Along with food costs, kitchen payroll is one of the two most important, easily quantifiable things for a chef to control in his or her kitchen. Like controlling food costs, payroll is a balancing act between what is obviously sufficient, but not practical (i.e., affordable), and what will make the bean counter in your organization happy (at least in the short-term), but cause your erstwhile clients to choose to go elsewhere to spend their dining dollars.
Just as different establishments will have different ideal food costs to try to attain, kitchen payroll in relation to various other factors will vary from business to business. Let’s look at why that is and how we, as operators, can maintain a back of the house staff that’s able to do what needs to be done, without paying more for it than is necessary.
First of all, it’s important to realize that any analogy of food costs and labor costs is far from perfect. With food, we’re dealing with inanimate objects; with labor we hopefully are not. Although food is certainly delicate and needs to be properly handled to get the most out of it, it’s nothing compared to dealing with a cook or steward. We should never forget that literally half of the equation of establishing a productive, efficient, sustainable kitchen staff that we as managers are happy with, is making sure that our workers are happy too.
One of the simplest and most widely used methods of tracking labor costs is to look at them as a percentage of total sales. Although the ideal ratio varies from establishment to establishment, having a kitchen’s hourly staff cost between 12-15% of total sales is considered the norm.

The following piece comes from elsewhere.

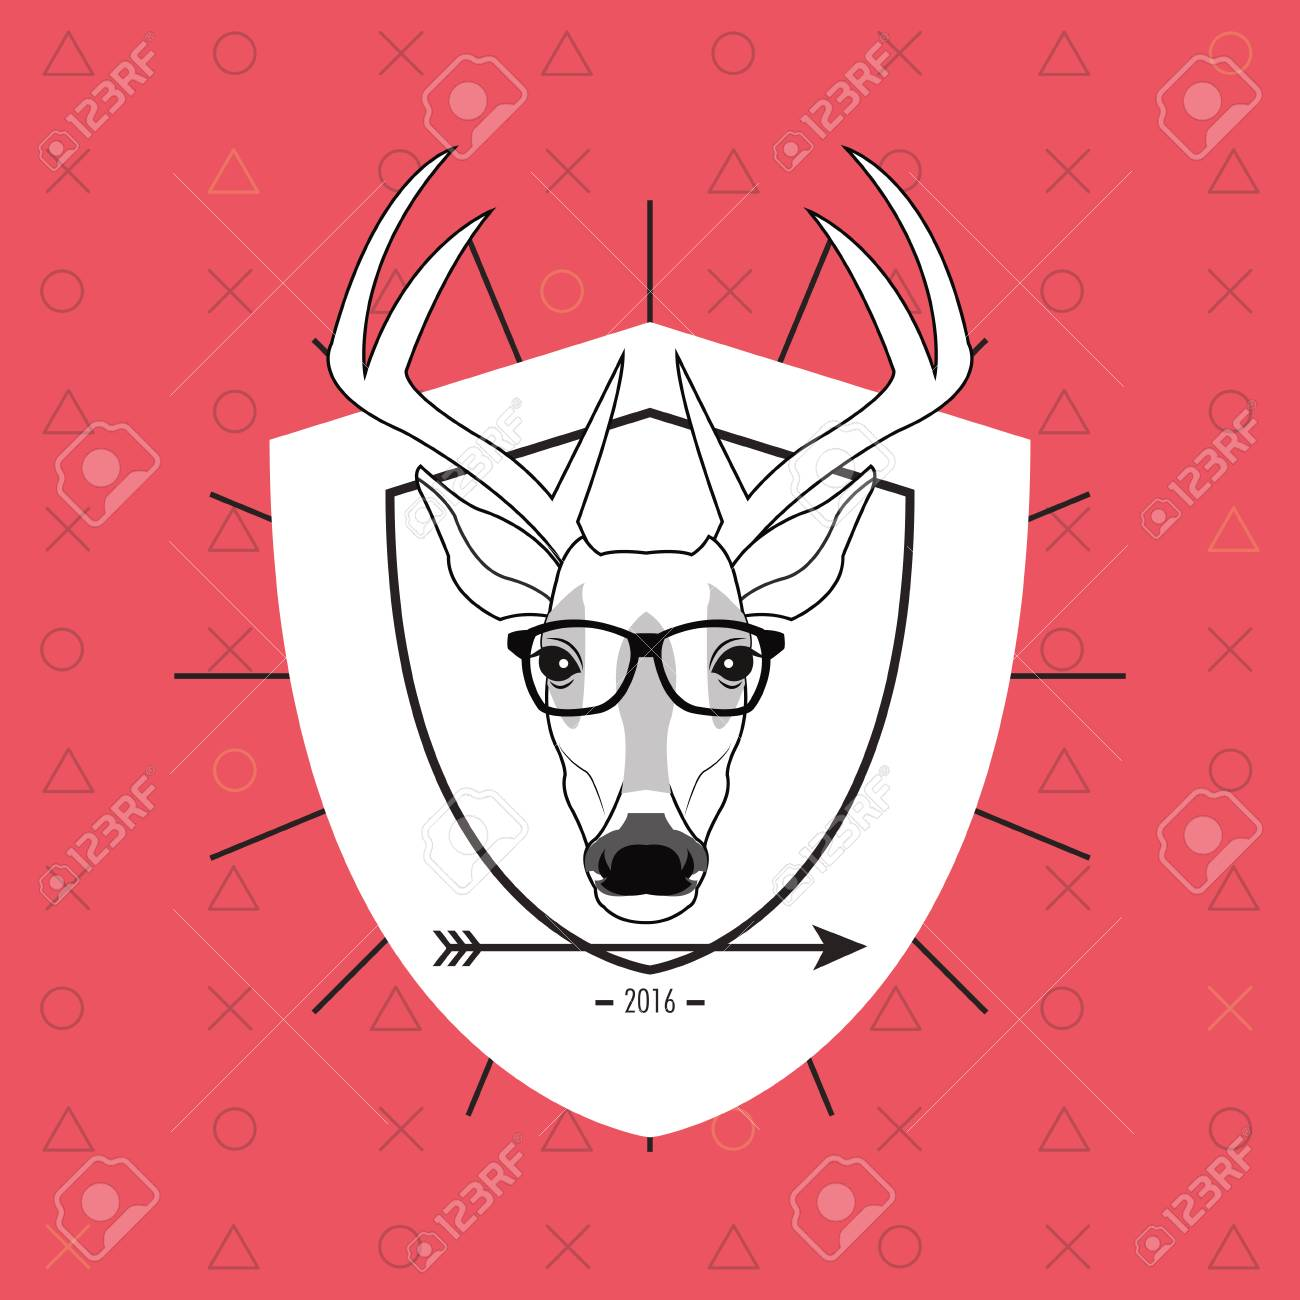 Attraktiv Flat Design Hipster Style Deer Image Vector Illustration Stock Vector    62555676

While knowing where your kitchen staff costs fall in regards to this range is interesting, it may very well not be the most useful measure of how you are doing in the overall success of your efforts to efficiently staff your kitchen. For one thing, it discounts the importance of your food to beverage sales mix. A labor cost of 14% using this method would tell two very different stories in one restaurant with a 75/25 food/beverage mix and another who’s mix was 60/40. It is also a poor indicator of just what level of efficiency your staff is operating. No matter what this number is, there may very well be adjustments that could and should be made to either reduce your labor costs or increase your crew’s productivity. Ideally, the same changes would accomplish both.
Two other commonly used methods for analyzing kitchen labor focus more on productivity than raw costs. One method looks at the relationship between food sales and kitchen labor hours during a specific period. The other method looks at those same kitchen labor hours, but in relation to the number of covers served during the time frame in question. To calculate the first, simply take the food sales for a specific period (a particular lunch, a day, week, etc.) and divide that by the total number of hours on your kitchen payroll for the same period. For example, if you are open for lunch on a given day from 11:30-2:00, and your sales for that lunch were $3,000, and your total hourly payroll in the kitchen from 9:30-3:00 (be sure to include prep/breakdown time) was 27 hours, then your sales per kitchen labor hour for that lunch was $111.11 ($3,000/27 = $111.11). To calculate the number of covers per labor hour, divide the number of covers during a specific time period by the total number of hours on your kitchen payroll for the same period. Let’s assume that you served 125 guests during the lunch discussed above. That would make your covers per labor hour for that meal 4.6 (125/27 = 4.6).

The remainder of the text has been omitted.